Sementara itu Kasubdit IV Ditreskrimum Polda Kepri, AKBP Dhani Catra Nugraha menambahkan, dari hasil pemeriksaan dan keterangan saksi korban, mereka dimintai biaya yang jumlahnya bervariasi antara Rp 2 juta sampai Rp 3 juta per orang.

"Dari 21 orang PMI ilegal yang kami amankan, ada dua orang yang masih di bawah umur. Semuanya berasal dari NTT," kata Dhani.

Dari hasil penyelidikan, tersangka Mursalin sudah melakukan aksinya selama 1 tahun. Tersangka adalah pengurus dan juga penampung PMI ilegal setelah tiba di Batam.

"Untuk perekrut masih dalam penyidikan dan namanya sudah kami kantongi, baik perekrut maupun yang akan mengirimkan para PMI ilegal ini ke Malaysia dengan catatan menggunakan transportasi yang dia miliki," ujar dia.

Selain 21 PMI yang menjadi korban dan 1 tersangka, Subdit IV Ditreskrimum juga berhasil mengamankan sejumlah barang bukti, di antaranya 1 unit Mobil Innova warna silver, 1 unit ponsel merk Strawberry warna merah serta 1 unit ponsel merk vivo warna merah kombinasi biru.

Komitmen Moratoriun Pemprov NTT

Masifnya pengiriman pekerja migran dan calon tenaga kerja ilegal asal NTT berbanding terbalik dengan komitmen moratorium oleh Pemprov NTT beberapa waktu lalu.

Direktur PADMA Indonesia, Gabriel Goa justru menyayangkan komitmen pengawasan terhadap kebijakan moratorium tersebut.

"Pasca moratorium pengiriman calon TKI asal NTT, sama sekali tidak memberikan efek jera bahkan solusi konkrit. Sebaliknya, pengiriman calon tenaga kerja semakin masif.
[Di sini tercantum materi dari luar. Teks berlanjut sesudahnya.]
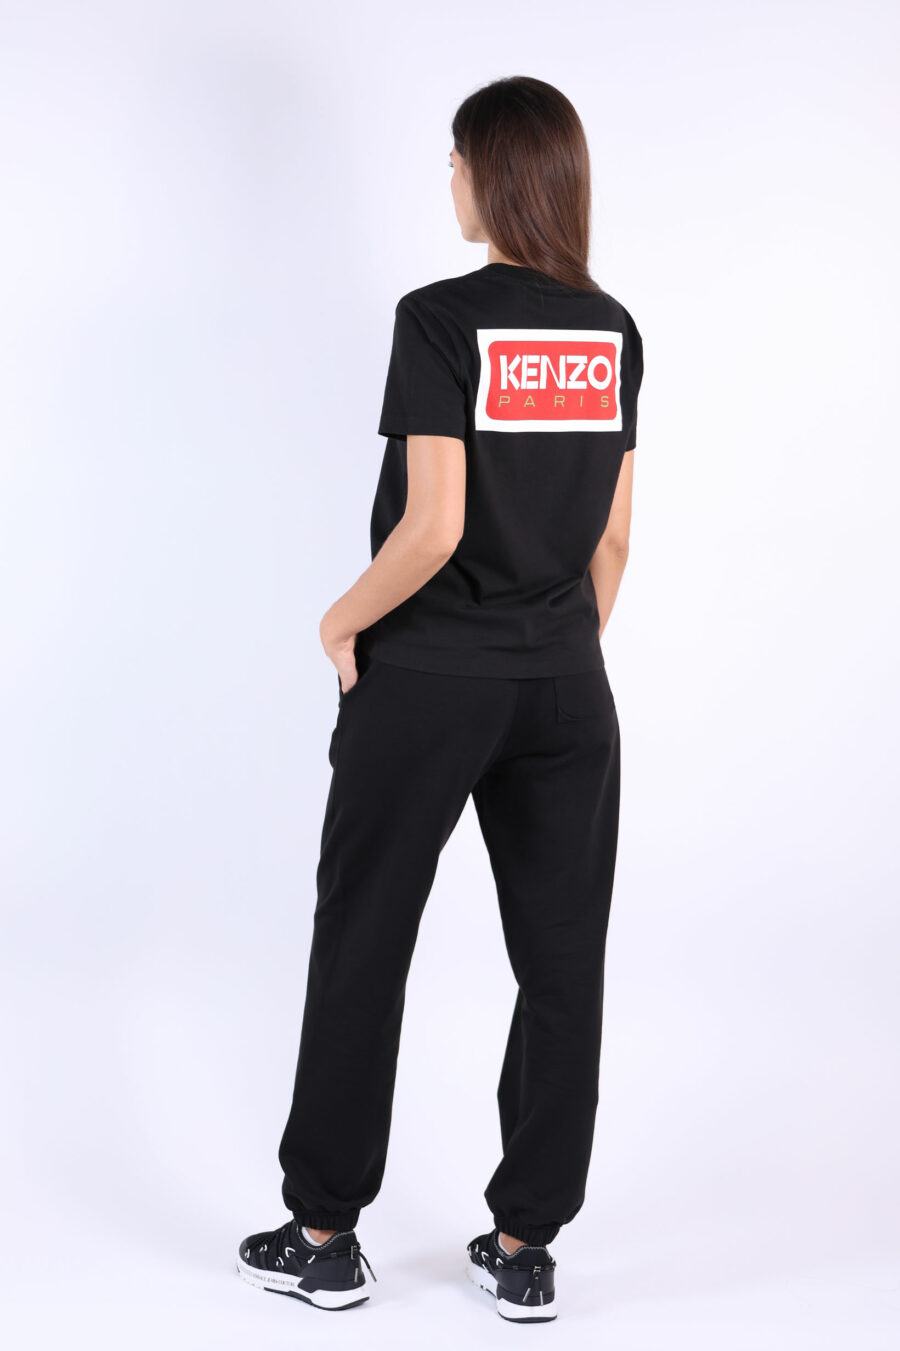 T-shirt preta de tamanho grande com o logótipo "kenzo paris" - 3612230514959 4

Apakah ini terkesan sindiran kepada Gubernur dan Pemprov NTT yang sempat mengancam akan mematahkan kaki dan tangan para pelaku HumanTrafficking?" ungkap Gabriel.

Gabriel meminta agar Gubernur NTT harus tampil terdepan dengan memimpin langsung  Gugus Tugas Pencegahan dan Pemberantasan  Human Trafficking bersama Kapolda, Kapolrea, Danrem, Dandim dan Bupati/Walikota se-NTT dengan bekerjasama lintas Lembaga Agama, Ormas, LSM dan Pers lewat aksi-aksi nyata.

"Selain gugus tugas dan kerjasama lintas elemen, juga segera mengoptimalkan Layanan  Terpadu Satu Atap (LTSA), Balai Latihan Kerja (BLK) profesional di Tambolaka, Kupang dan  di Maumere guna menjamin dan melayani calon tenaga kerja sebelum dikirim berkerja ke luar negeri," tegas Gabriel.

Hal utama yang ditandaskan Gabriel yakni mendorong Pemprov NTT untuk menyiapkan lapangan pekerjaan di NTT guna membendung arus tenaga kerja ke luar daerah atau ke luar negeri.